— Required work —
All of the data is to be written out again exactly, without the pictures.

— Information shown —

------------------------------------

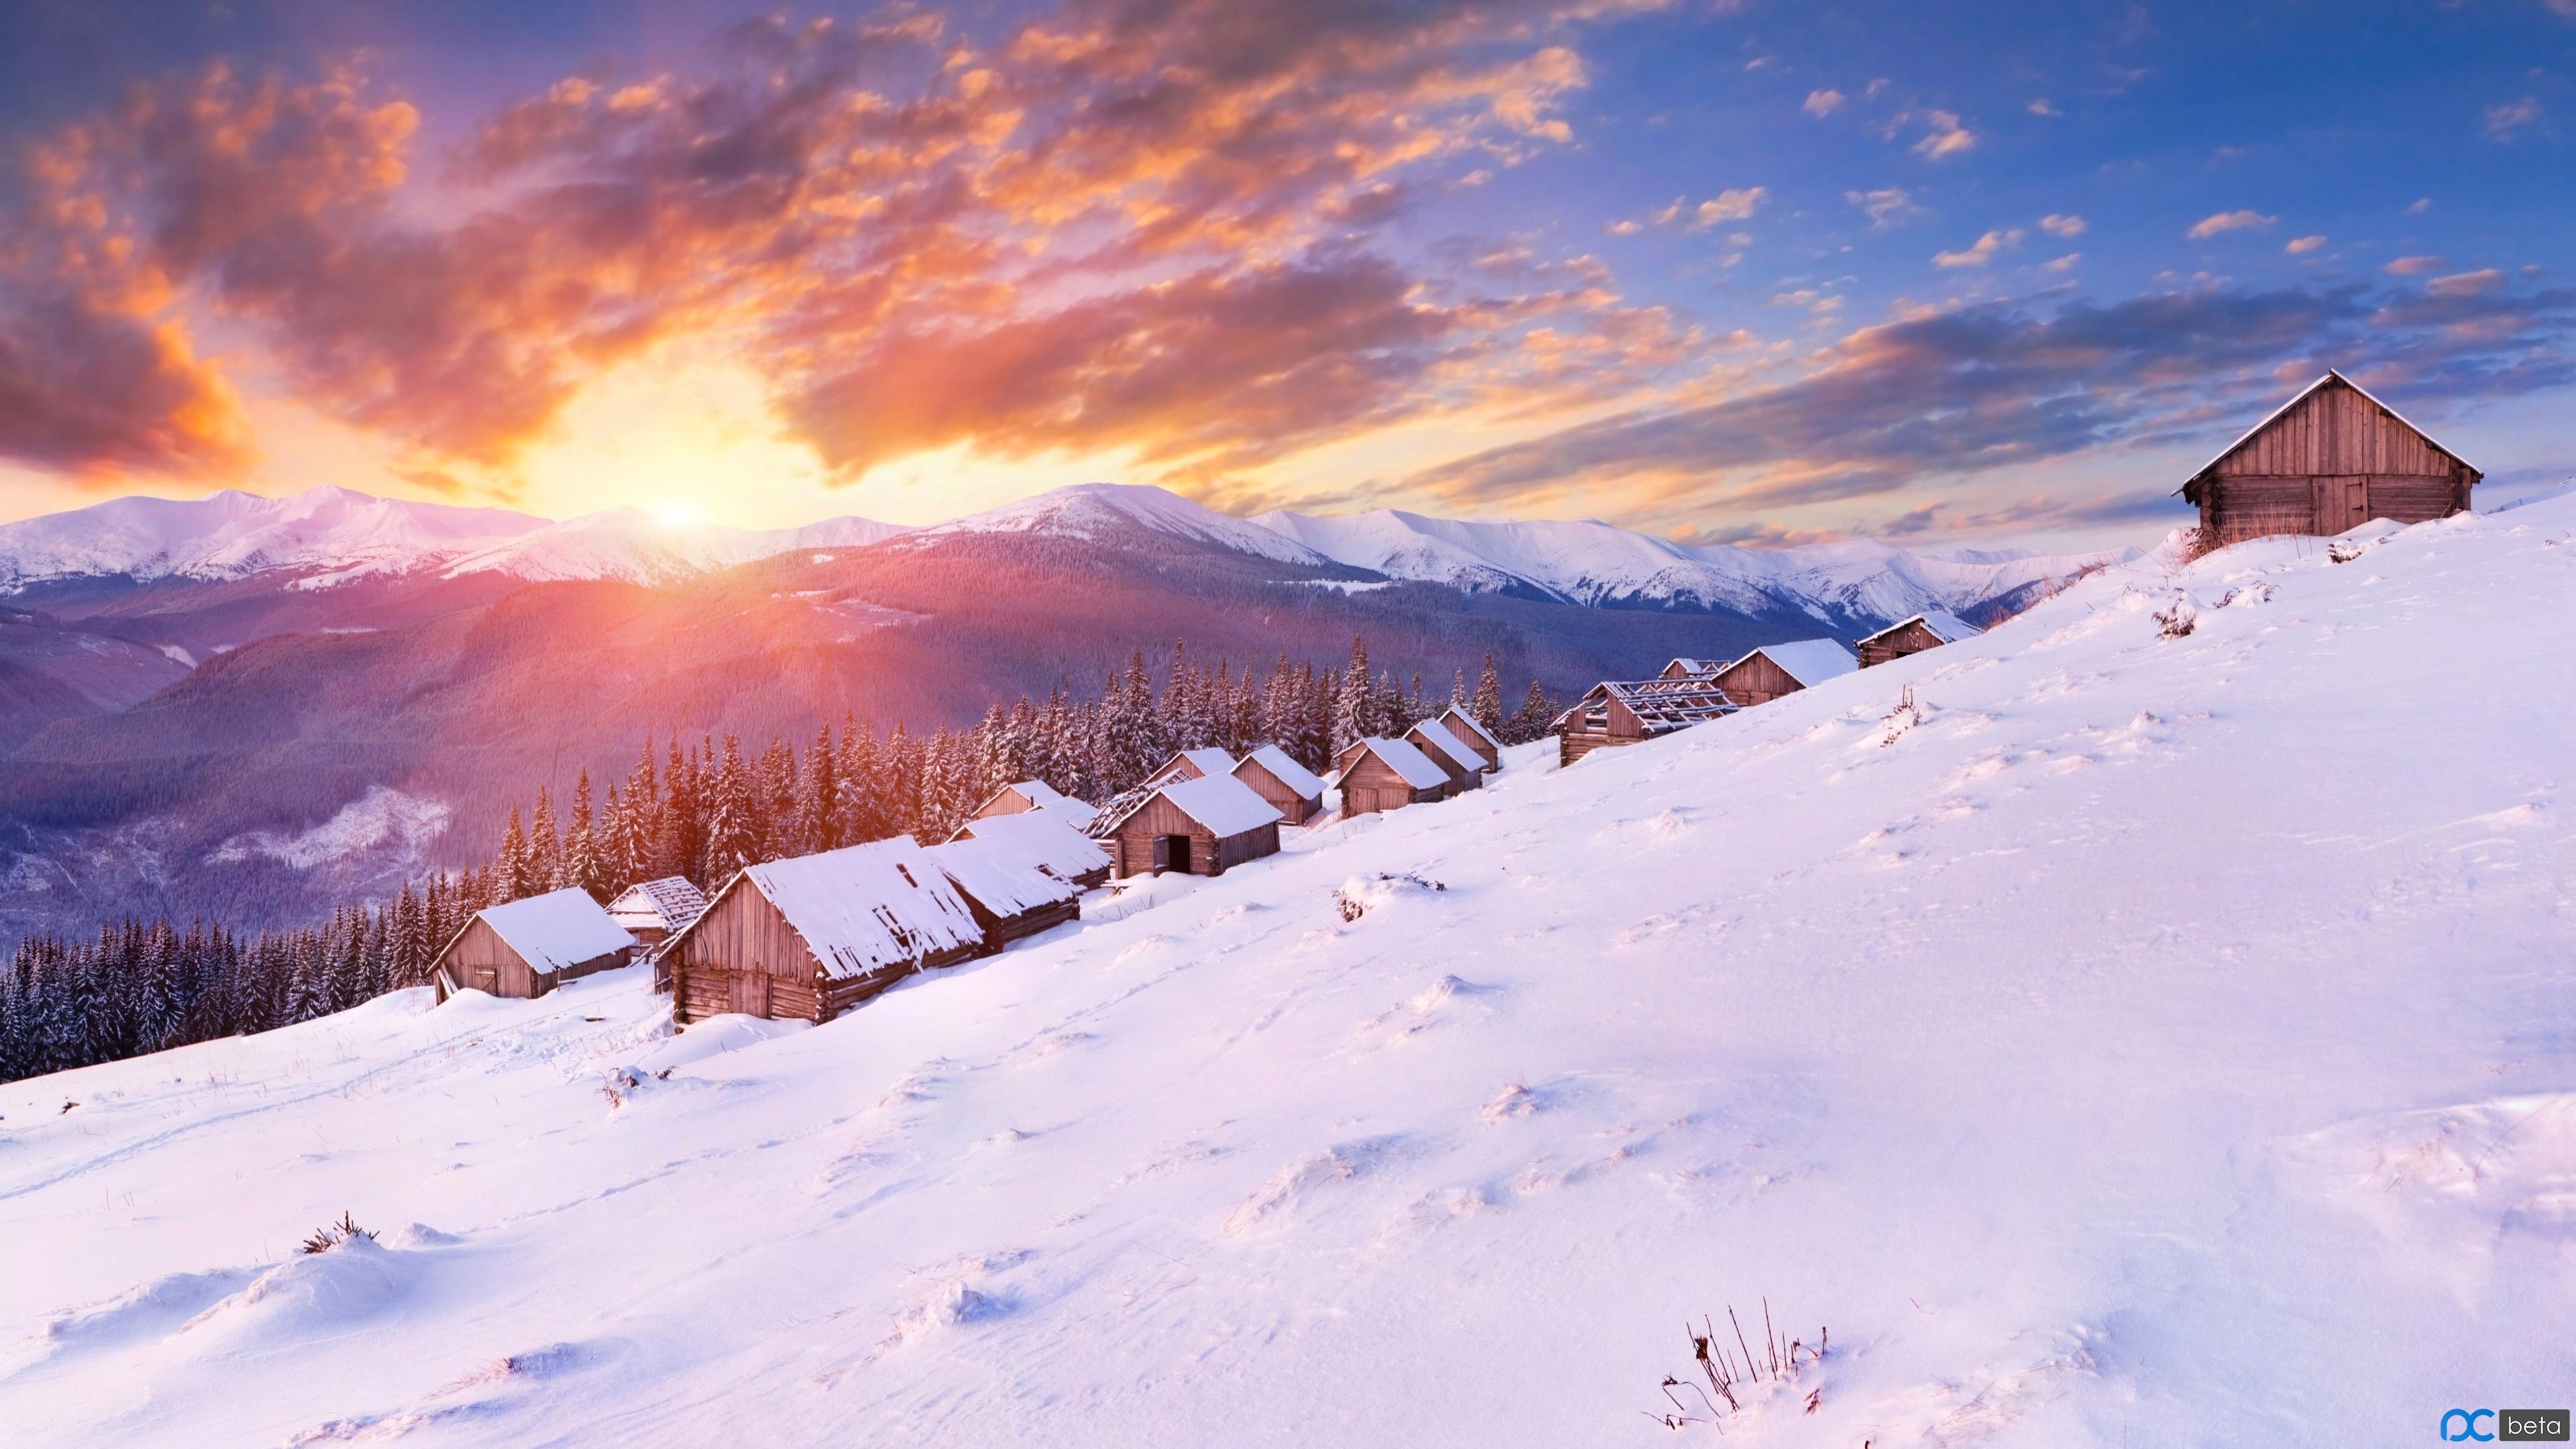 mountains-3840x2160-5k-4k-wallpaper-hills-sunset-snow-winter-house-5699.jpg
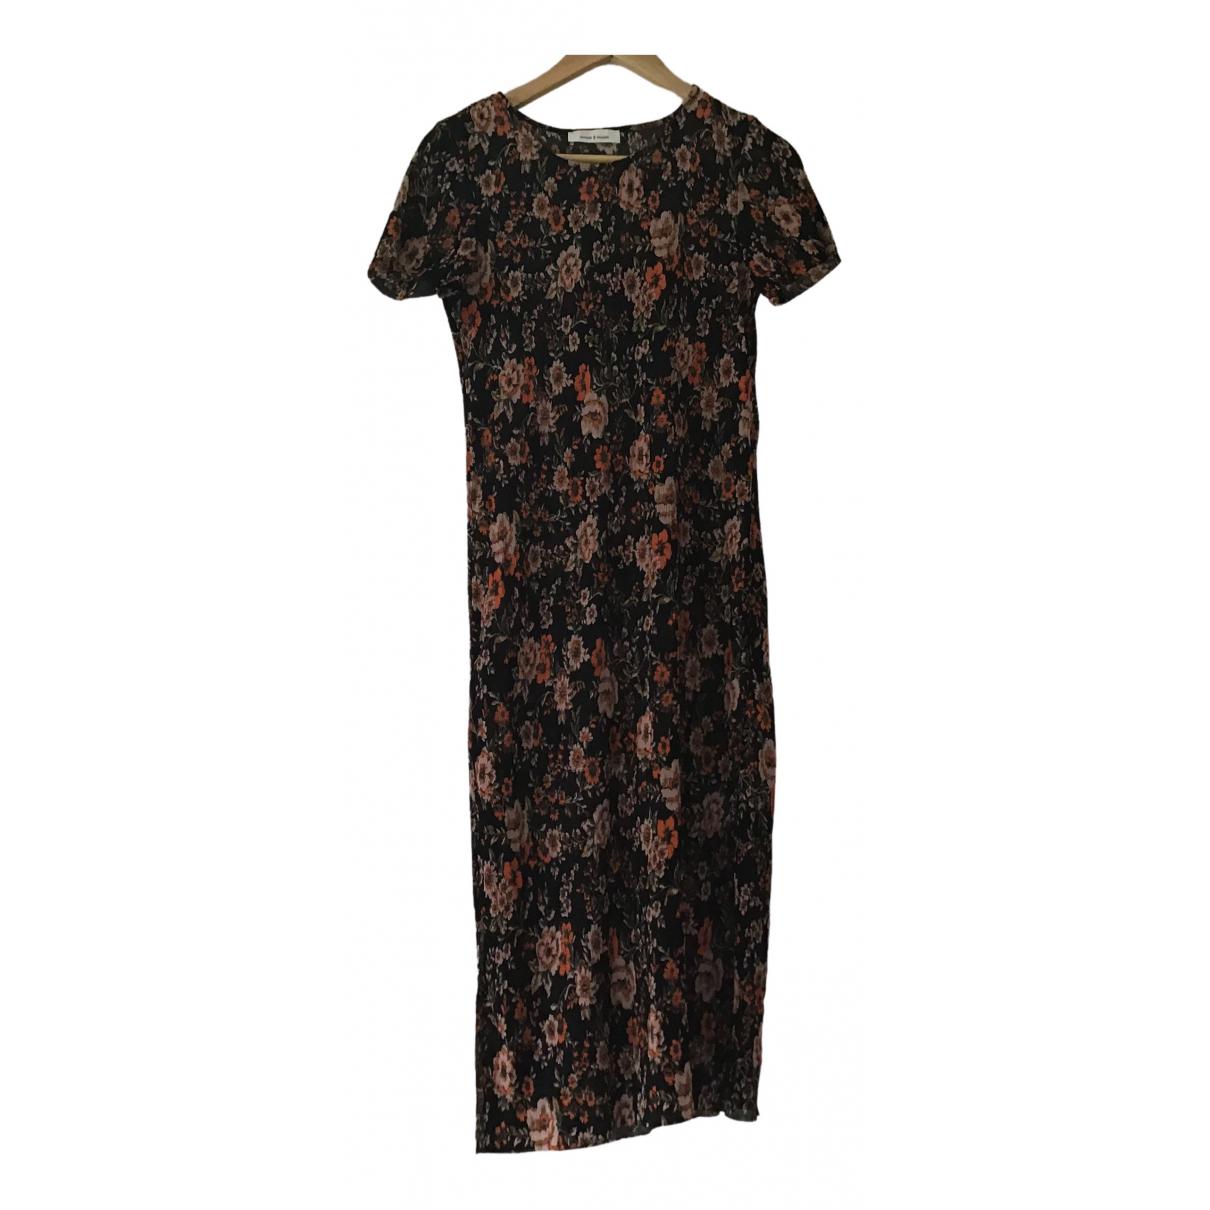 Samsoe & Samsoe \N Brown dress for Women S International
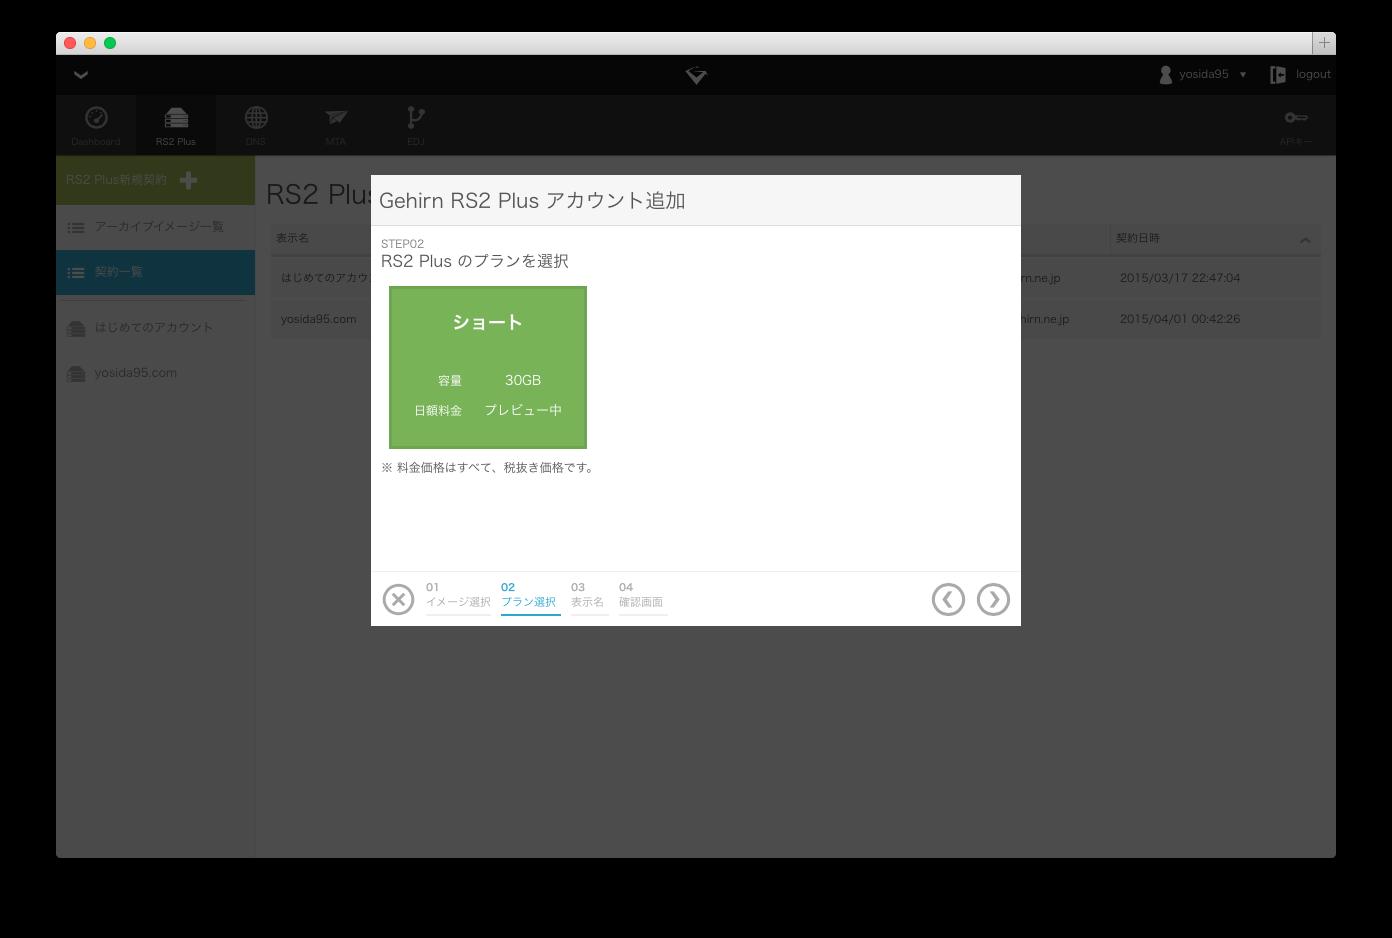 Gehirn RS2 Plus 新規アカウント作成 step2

------------------------------------

— Result for this exercise —
 mountains-3840x2160-5k-4k-wallpaper-hills-sunset-snow-winter-house-5699.jpg
 Samsoe & Samsoe \N Brown dress for Women S International
 Gehirn RS2 Plus 新規アカウント作成 step2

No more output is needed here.